Auch Thönes Natur Fleisch- und Wurstprodukte im Glas gehören zum Angebot von Eco-Plus. Darunter sind drei Bio-Fonds von Rind, Geflügel und Kalb, die ohne jegliche Geschmacksverstärker hergestellt werden. In dieser Qualität sind Fonds im SEH und im Naturkosthandel selten zu finden. Da hat Eco-Plus fast eine Alleinstellung.

Senf erlebt eine Renaissance in Deutschland. Münchner Kindl ist mit einer edel aufgemachten Range mit besonderen Rezepturen von Bio-Feinkost Senf und BBQ-Saucen auf dem Markt. Es ist der neueste Lieferant von Eco-Plus.

Im nächsten Schritt plant der Großhändler, die Frische auszubauen. Einen Parmigiano Reggiano, einen Grana Padano sowie einen Original-Feta bietet der Händler hier schon an. Ein edles Salami-Sortiment aus Verona soll im März 2014 dazukommen.

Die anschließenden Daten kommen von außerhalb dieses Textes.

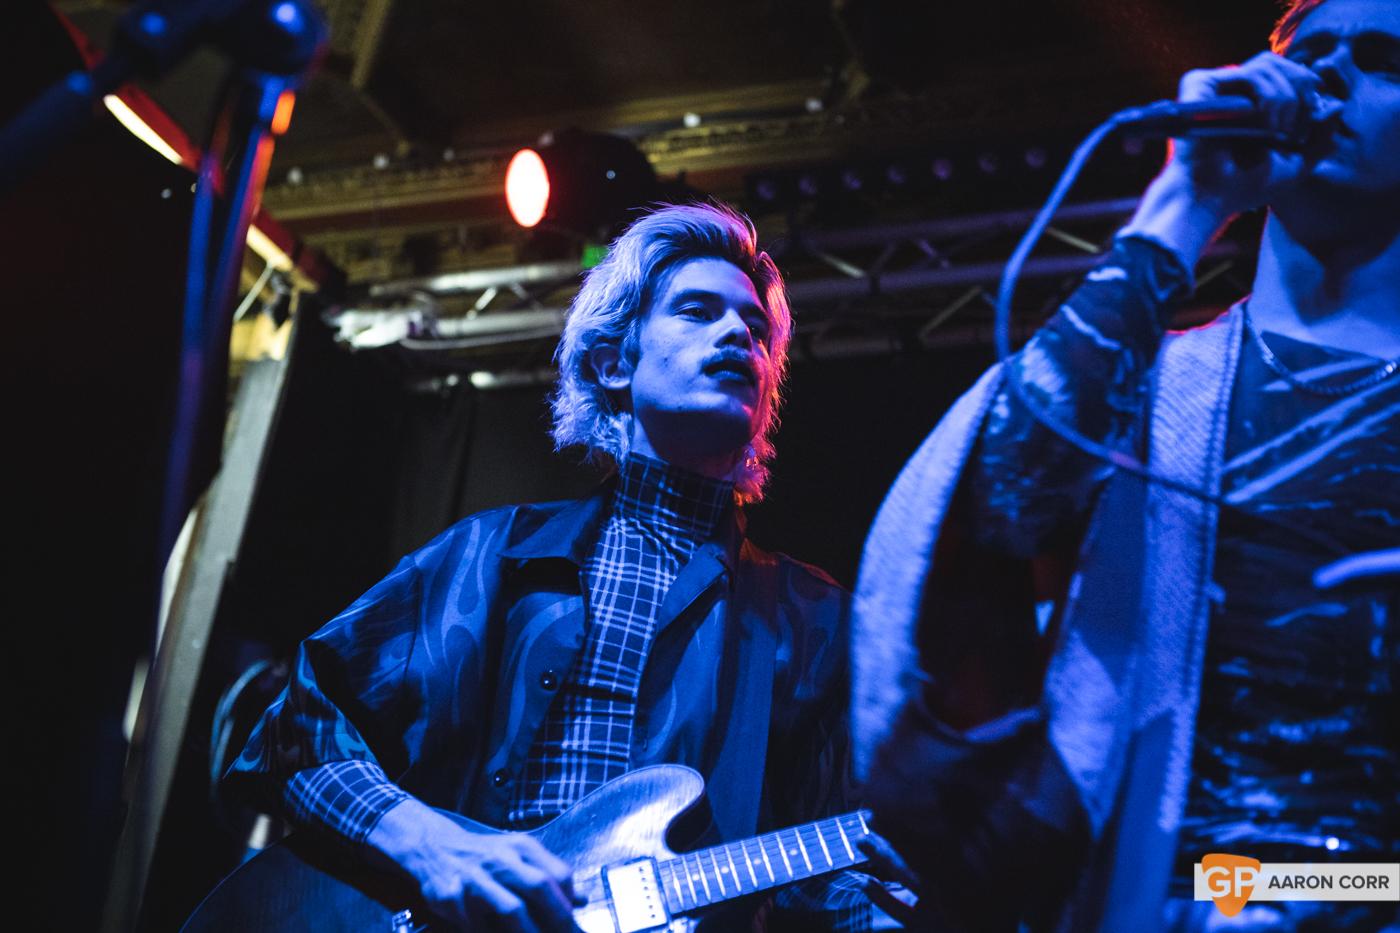 HMLTD live at The Sound House, Dublin on 17-Feb-20 by Aaron Corr-2197

Umsatzträger sind die apfelgesüßten Marmeladen von Rigoni di Asiago. Der Fior di Frutta Aufstrich Bitter-Orange und die Nocciolata Nuss-Nougat-Creme sind dabei die Zugpferde. Auch die Zotter Schokoladen aus Österreich vermarktet das Unternehmen im SEH. „Die Marke ist bekannt und verkauft sich fast von selbst.

Hier sehen wir unsere Haupt-Aufgabe, das umfangreiche Sortiment zu strukturieren. Das heißt, dass Eco-Plus und Zotter ein Herbst-/ Wintersortiment sowie ein Frühlings-/Sommersortiment abstimmen. Der Kunde kann also darauf vertrauen, immer eine Top-Zusammenstellung zu bekommen“, erklärt der Eco-Plus Chef.

Der Nutzen für den Handel ist die kompetente Vorauswahl durch den Großhändler. Nur Qualitätsprodukte schaffen den Sprung. Die Produkte müssen ein Plus, einen Mehrwert haben, damit sie Eco-Plus Produkte werden. „Was die Qualitäten anbelangt, wollen wir in der Champions-League mitspielen“, so Kerschner.

Auf Messen und durch die Suche im Internet findet Eco-Plus Hersteller, die geeignete Produkte für das Sortiment haben. Es kommt auch vor, dass Handelskunden spezielle Wünsche an Eco-Plus herantragen. Authentische, wohlschmeckende, biologische Lebensmittel, aus transparenten Rohstoffherkünften und sicheren Produktionsprozessen müssen es sein.

Der Einsatz natürlicher Aromen kann dazu führen, dass Eco-Plus ein Produkt nicht ins Sortiment aufnimmt. Palmöl als Zutat schätzt der Großhändler ebenfalls nicht. Auch Verpackung und Aufmachung müssen stimmen. Wenig Inhalt, viel Verpackung sieht Eco-Plus nicht gerne. Kleinpackungen bei geschnittener Ware, um Preisschwellen einzuhalten, nimmt Eco-Plus nicht ins Sortiment.

Eco-Plus bietet Bio-Produkte mit Potenzial, exzellente Feinkost in Bio-Qualität. Der Inhaber und alle Mitarbeiter stehen mit Leidenschaft hinter den Produkten der Lieferanten. So vermittelt das Unternehmen Lebensmittelkultur.